(Source records)

━━━

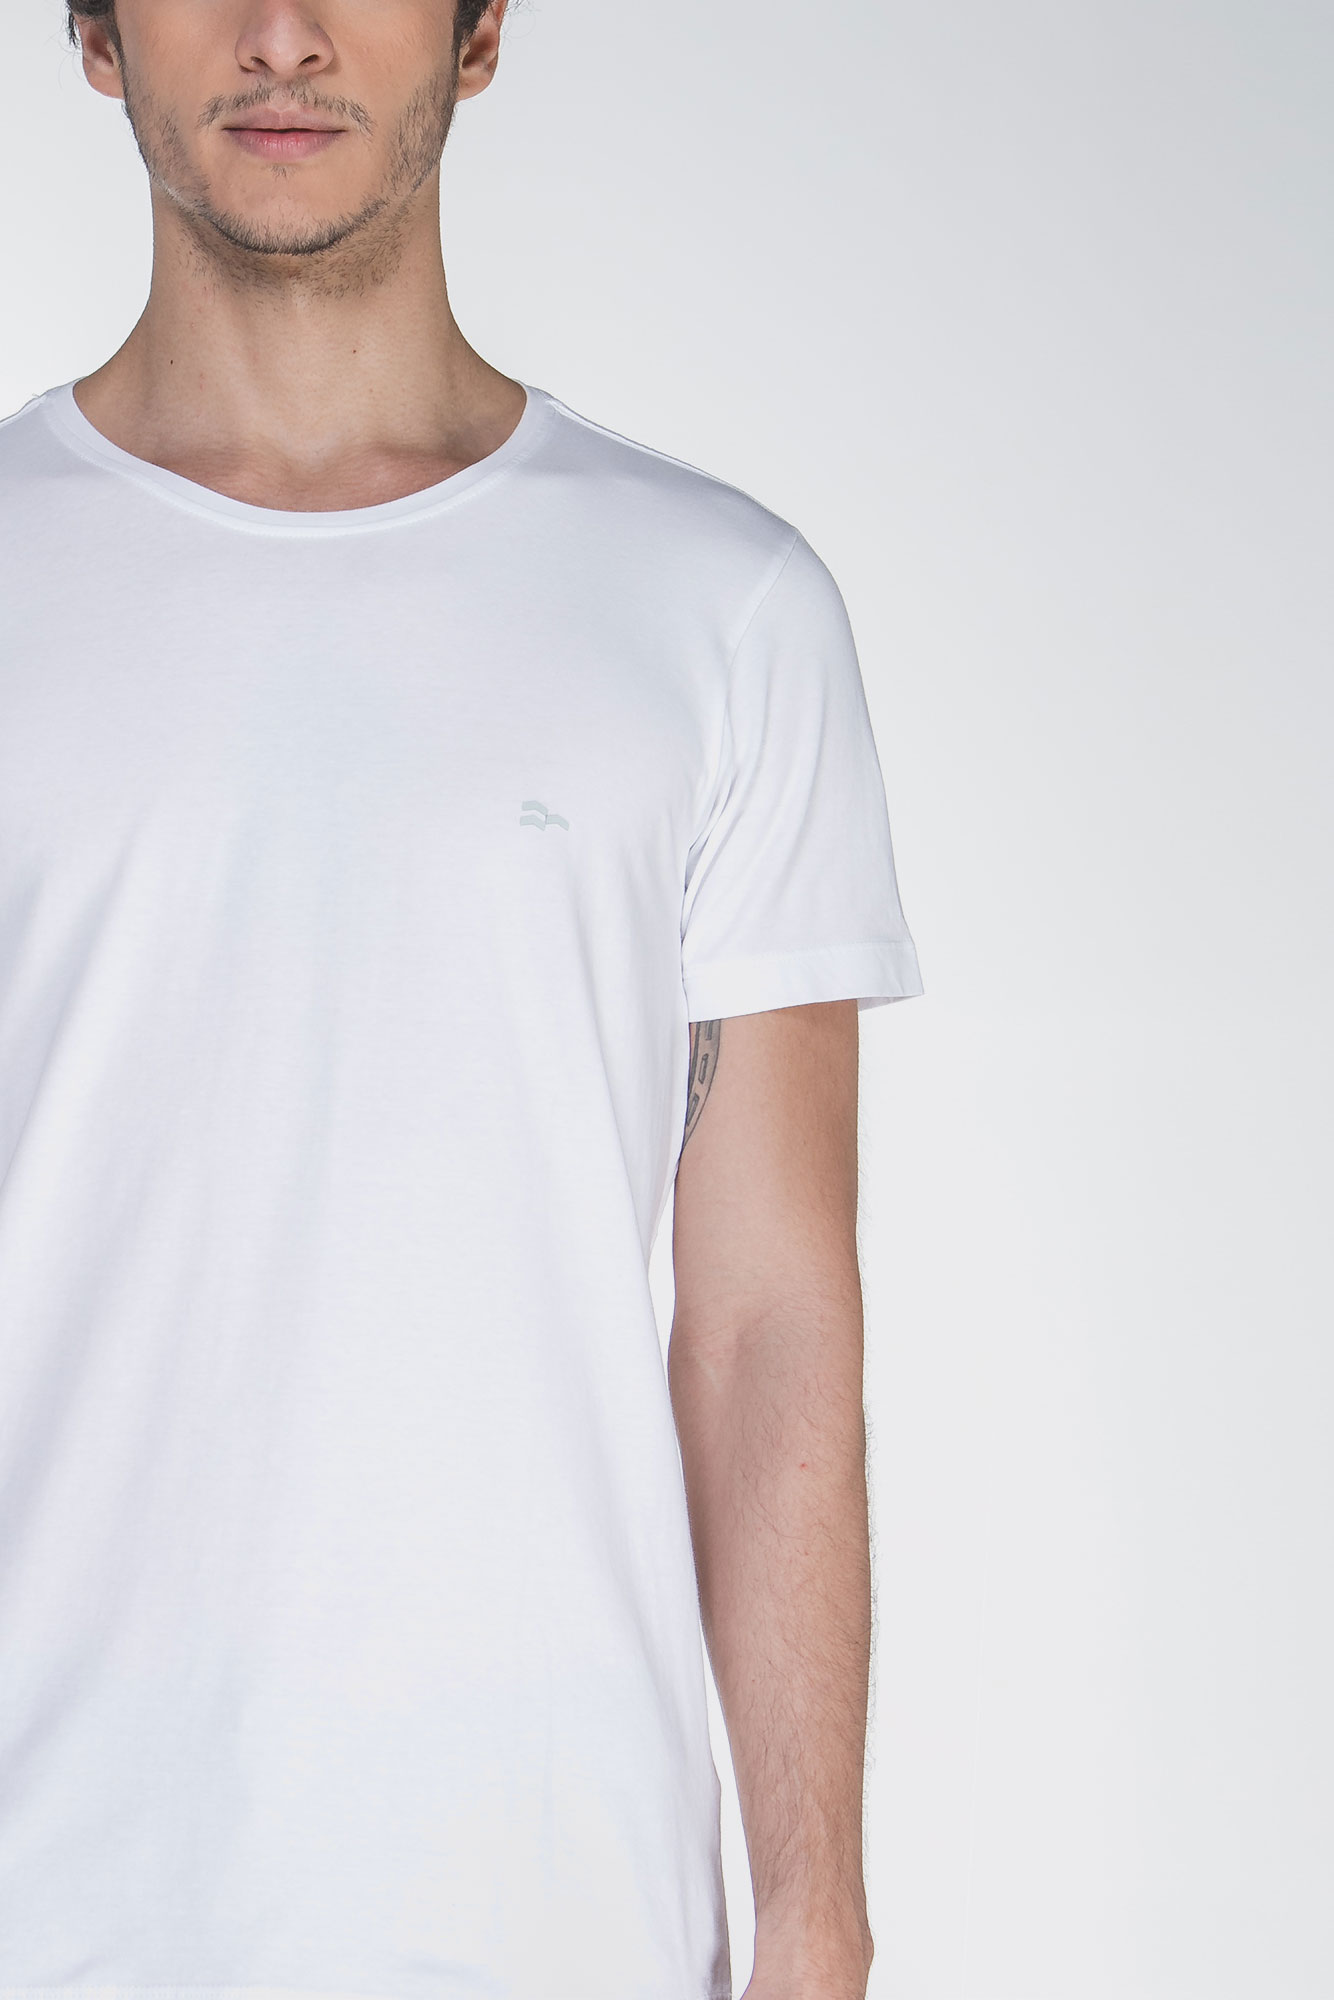 Camiseta Basic Egypt Branco/Branco
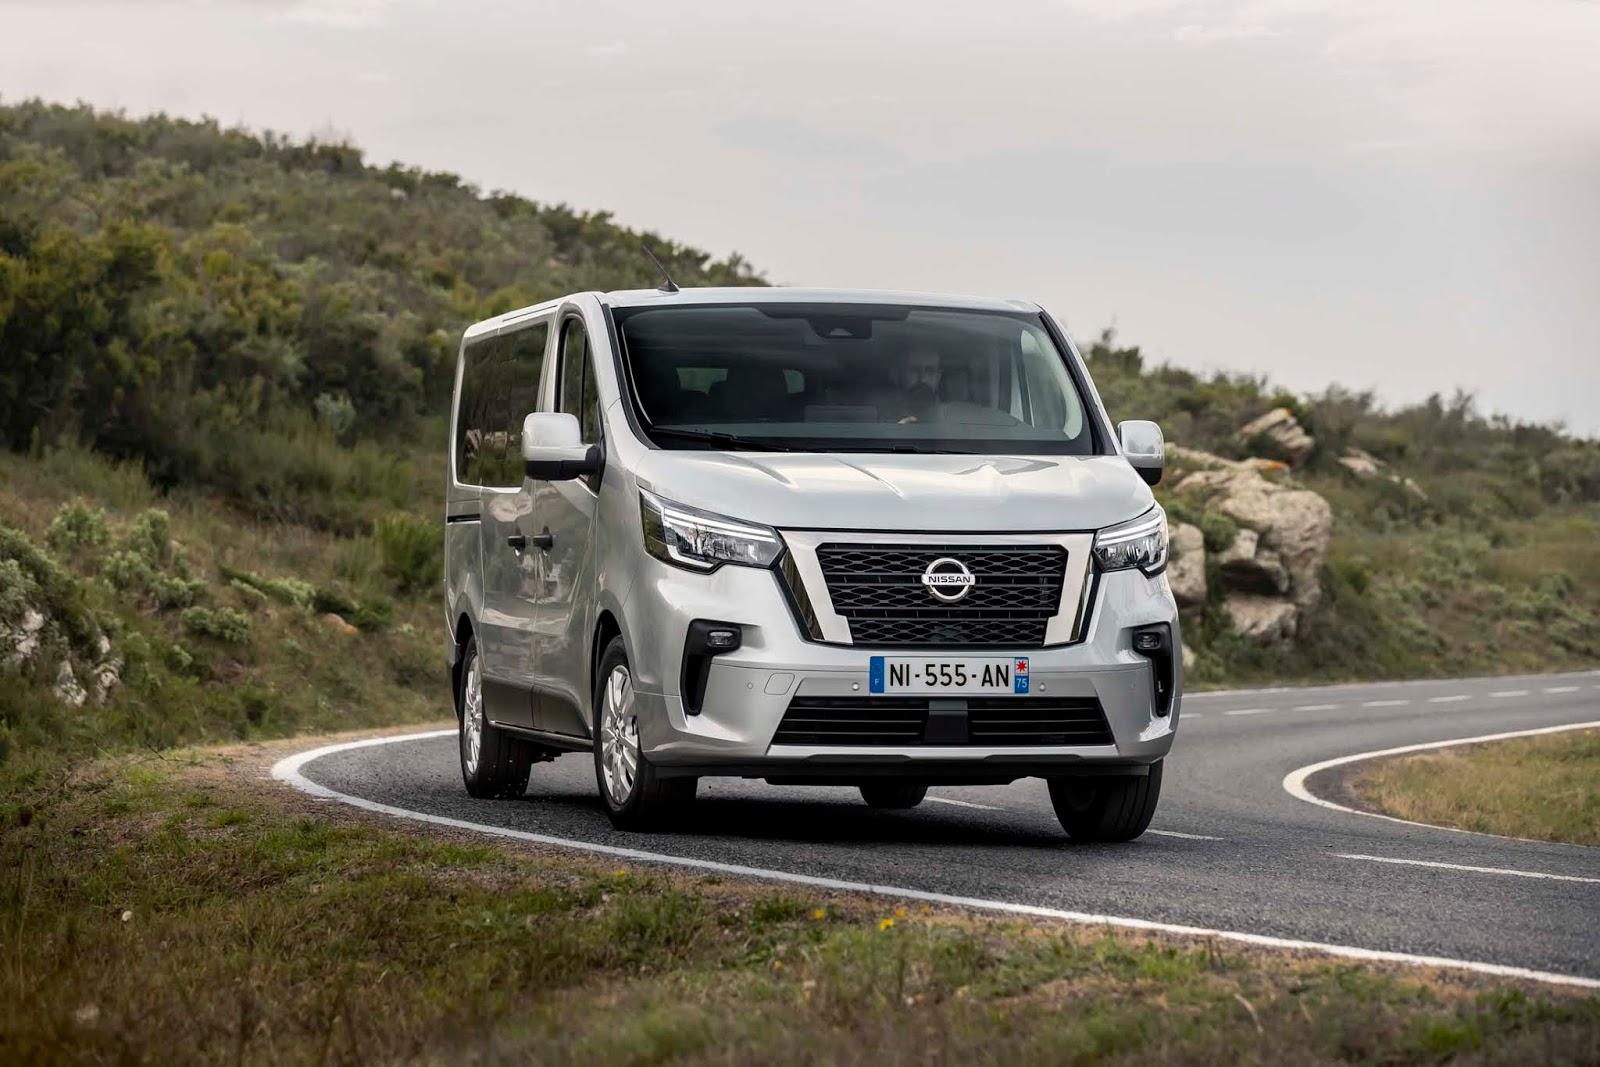 New2BNV3002BCombi2BDynamic2B2 Nissan : Αισθητικές αναβαθμίσεις, βελτιωμένο κινητήριο σύνολο και νέες τεχνολογίες ασφαλείας για το NV300 Combi (& video)
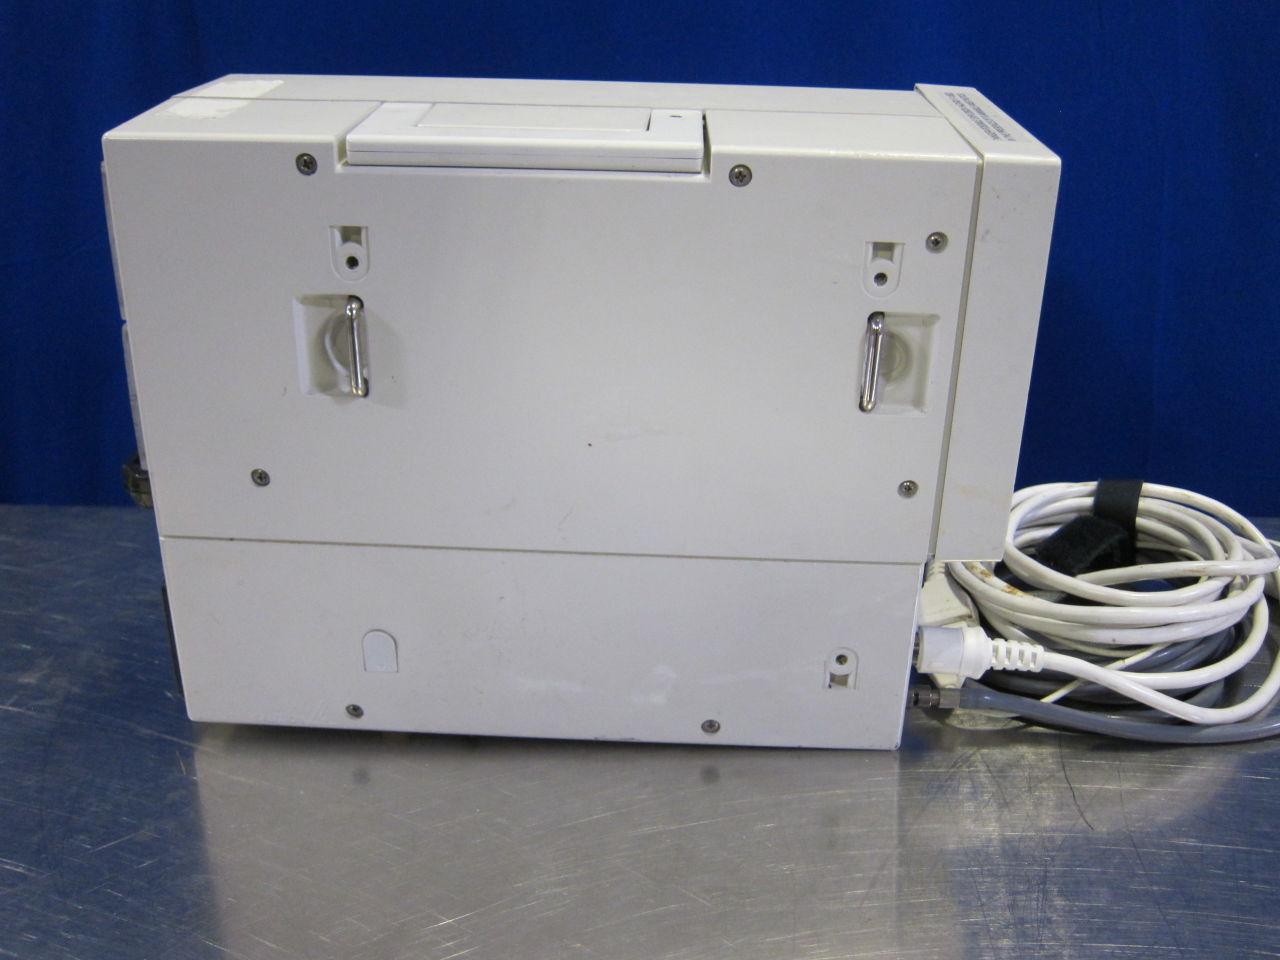 DATASCOPE Accutorr 4 Series Monitor
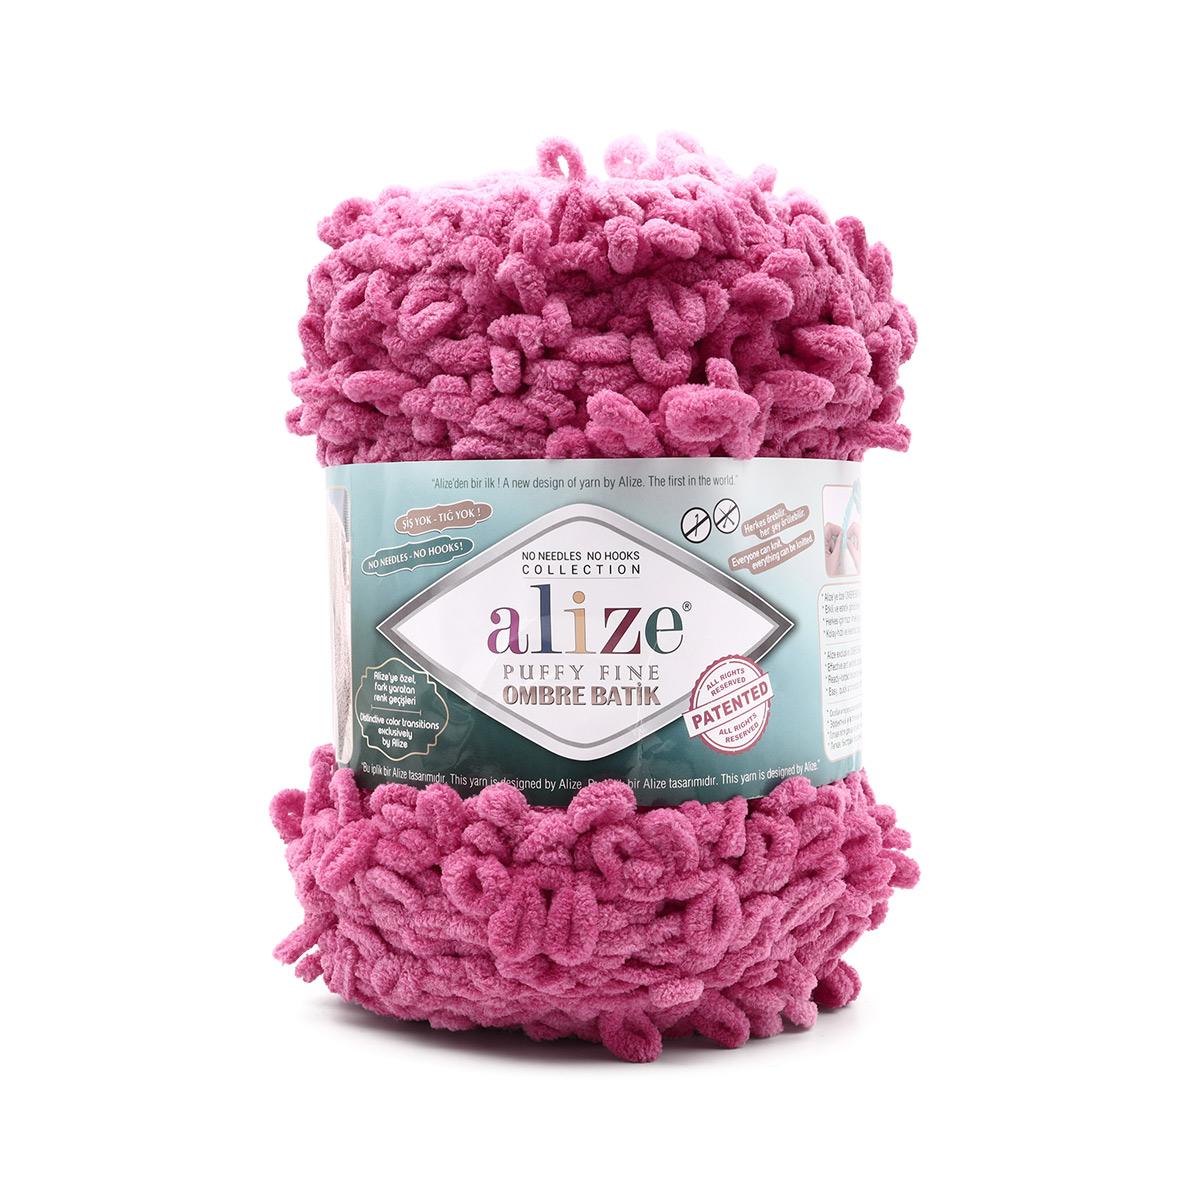 Пряжа Alize 'Puffy Fine Ombre Batik' 500гр. 73м. (100% микрополиэстер)
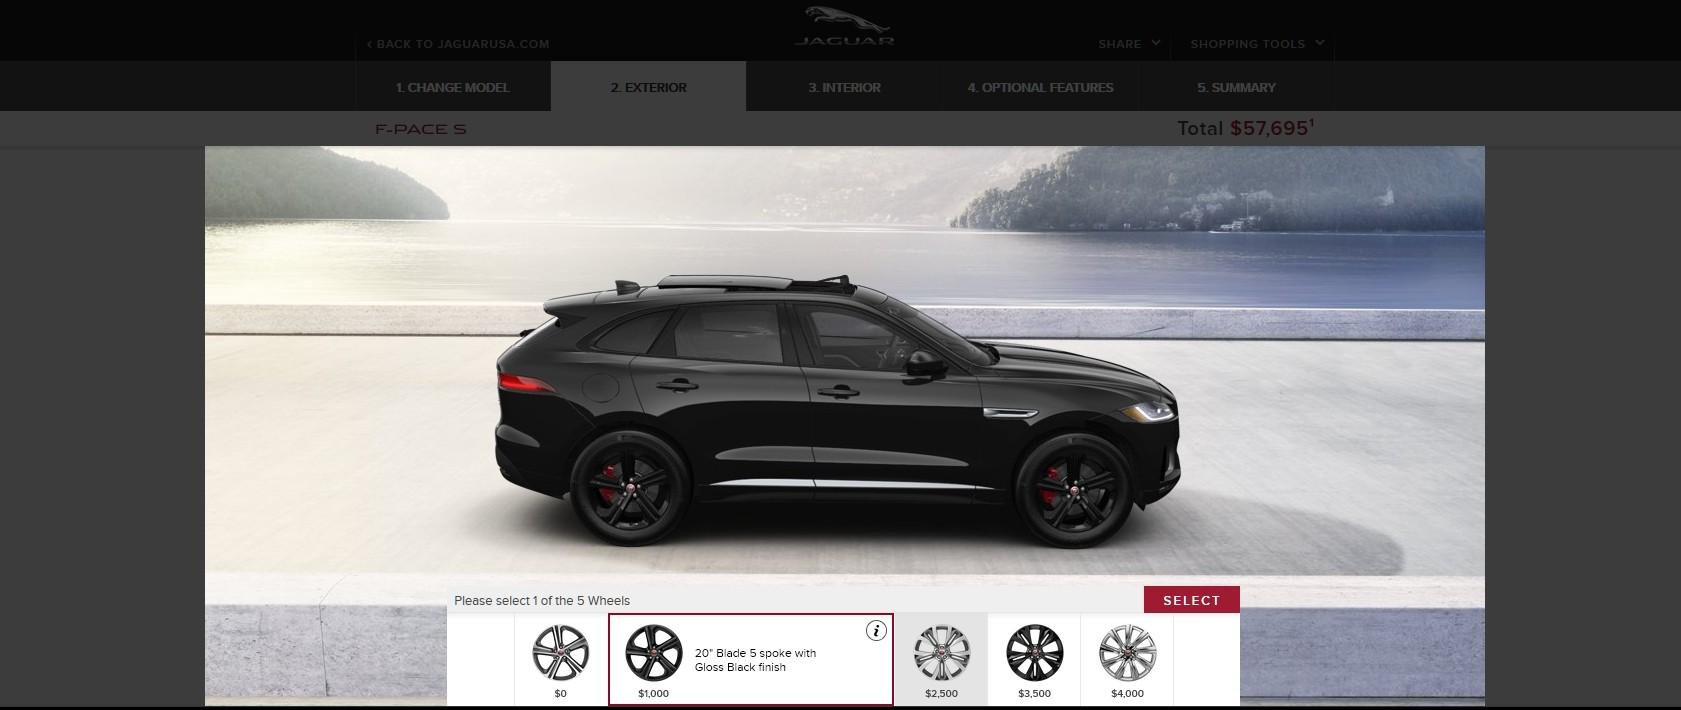 2017 jaguar f pace suv usa visualizer colros wheels 5 car revs. Black Bedroom Furniture Sets. Home Design Ideas

━━━

▸ What is needed: In the copy, include all records verbatim but no images.

▸ Result for this exercise:
 Camiseta Basic Egypt Branco/Branco
 New2BNV3002BCombi2BDynamic2B2 Nissan : Αισθητικές αναβαθμίσεις, βελτιωμένο κινητήριο σύνολο και νέες τεχνολογίες ασφαλείας για το NV300 Combi (& video)
 DATASCOPE Accutorr 4 Series Monitor
 Пряжа Alize 'Puffy Fine Ombre Batik' 500гр. 73м. (100% микрополиэстер)
 2017 jaguar f pace suv usa visualizer colros wheels 5 car revs. Black Bedroom Furniture Sets. Home Design Ideas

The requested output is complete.